WAYNE HENDERSON Los Angeles
3-D Views
Sir: I have read the Nov. 28 article about Dr. Edwin H. Land and the Polaroid Corp. Dr. Land has proved himself to be a brilliant scientist, and he has my great admiration.
However, he and Polaroid Corp. have not been alone in this field. Alvin M. and Mortimer M. Marks became interested in the polarizing field in the late 1920s . . . You erred in stating that Polaroid Corp. was the only maker of 3-D viewers through the 3-D movie boom of 1953 and 1954. Licensees under patents of Alvin M. Marks also sold millions of such viewers.
BEATRICE MARKS Marks Polarized Corp.
Whitestone, N.Y.
The Oldtime Religion (Contd.)
Sir: The excellent Dec. 5 article is the best piece of reporting on the Baptists that I have ever read. I appreciate very much your frank and fair appraisal of our work.
LEON MACON
Editor Alabama Baptist
Birmingham
Sir:
At the annual meeting of our 191-member executive board, the secretary was authorized to write you on behalf of the entire membership, thanking you for the article . . .
FORREST C. FEEZOR
Baptist General Convention of Texas Dallas
Sir:
There are millions of people in this country who cannot accept the antiquated ideas of the "oldtime religion," but who do not know of Unitarianism, a faith led by men with the courage and intelligence to try to free men's minds from the myths which permeate most of today's religions . . .
RICHARD RIDENOUR Falls Church, Va.
Sir:
Baptists everywhere, I'm sure, agree with the pastors of our city's 44 Baptist churches when they recently voted to commend you highly for your excellent coverage . . .
(THE REV.) C. DEWITT MATTHEWS Vineville Baptist Church Macon, Ga.
Life Is Hell
Sir: Granted, Poet Donald Hall has some noble lines to his credit; TIME'S Dec. 5 august dispenser of "sweet praise" picked a sour line to hold aloft and admire: "Like most good poets, Hall knows that 'Life is hell, but death is worse.' " There will be a moment of silence while we strike from the list of "most good poets": Shakespeare -- "O, amiable lovely death"; Whitman -- "Lovely and soothing death"; Shelley -- "How wonderful is death."
FRED DE JAVANNE Hightstown, N.J.
P: And Keats--"I have been half in love with easeful death."--ED.
German Rearmament
Sir: Seeing the new German generals [Dec. 5] brings back the realization that Russia has some justification for wanting Germany separated.
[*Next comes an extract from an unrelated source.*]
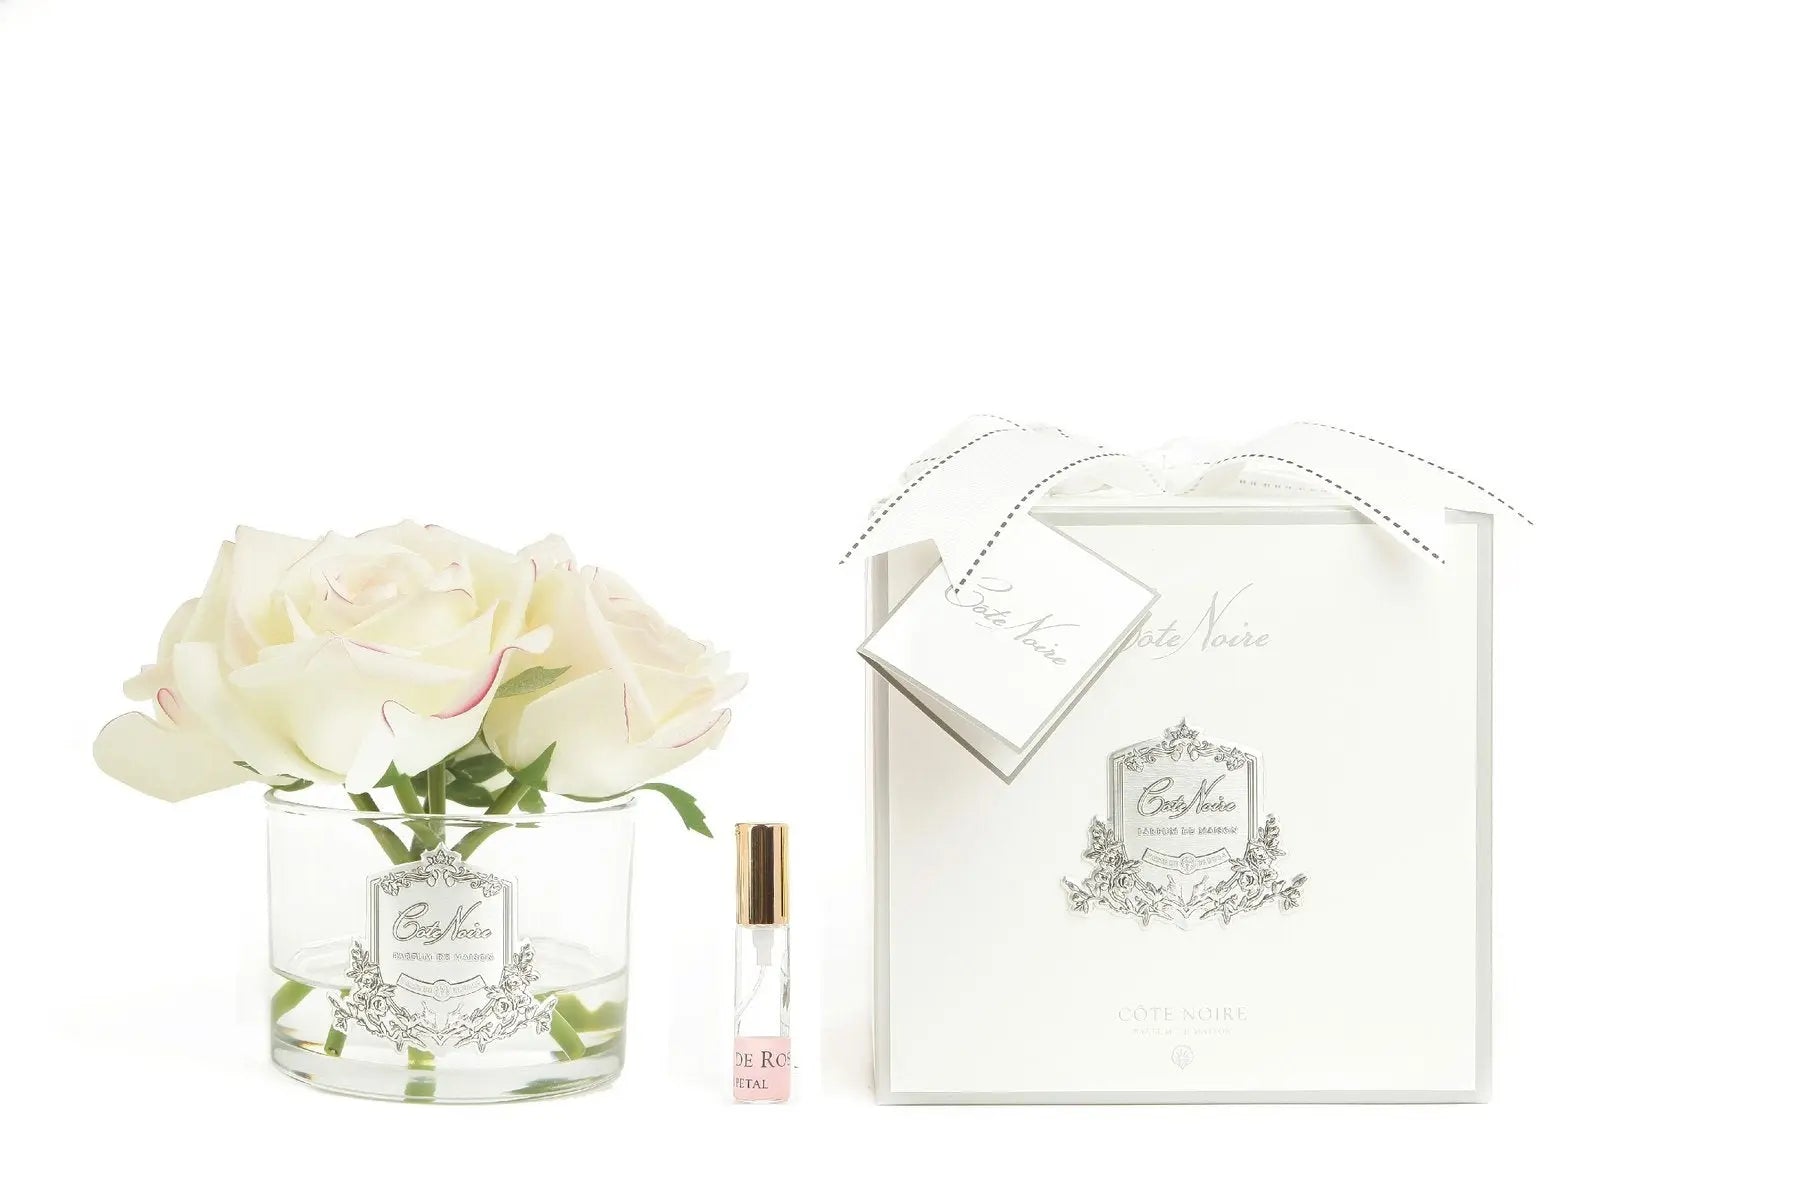 A Cote Noire gift set featuring five artificial pink blush roses in a clear glass vase with a silver crest. Accompanying the vase is a small vial of perfume labeled 'Pétale de Rose' with a gold cap. The items are displayed next to an elegant white gift box adorned with a silver emblem and a white ribbon, creating a refined and luxurious presentation.

I believe you have jumbled the story titles, "Return of the Pig" and "An Army Is Born." They should read: "An Army Is Returned" and "The Pig Is Born." CHARLES S. ALLEN Norman, Okla.
Luther in English
Sir: Your Nov. 28 coverage of "Luther in English" is much appreciated. However, there were two important omissions: the St. Louis Concordia Publishing House is an arm of the Lutheran Church-Missouri Synod; Professor Jaroslav Pelikan, associate professor of historical theology in the federated theological faculty of the University of Chicago, is general editor for the volumes being published by Concordia.
H. T. LEHMANN Muhlenberg Press Philadelphia
* When we are wrong, make us easy to change. When we are right, make us easy to live with.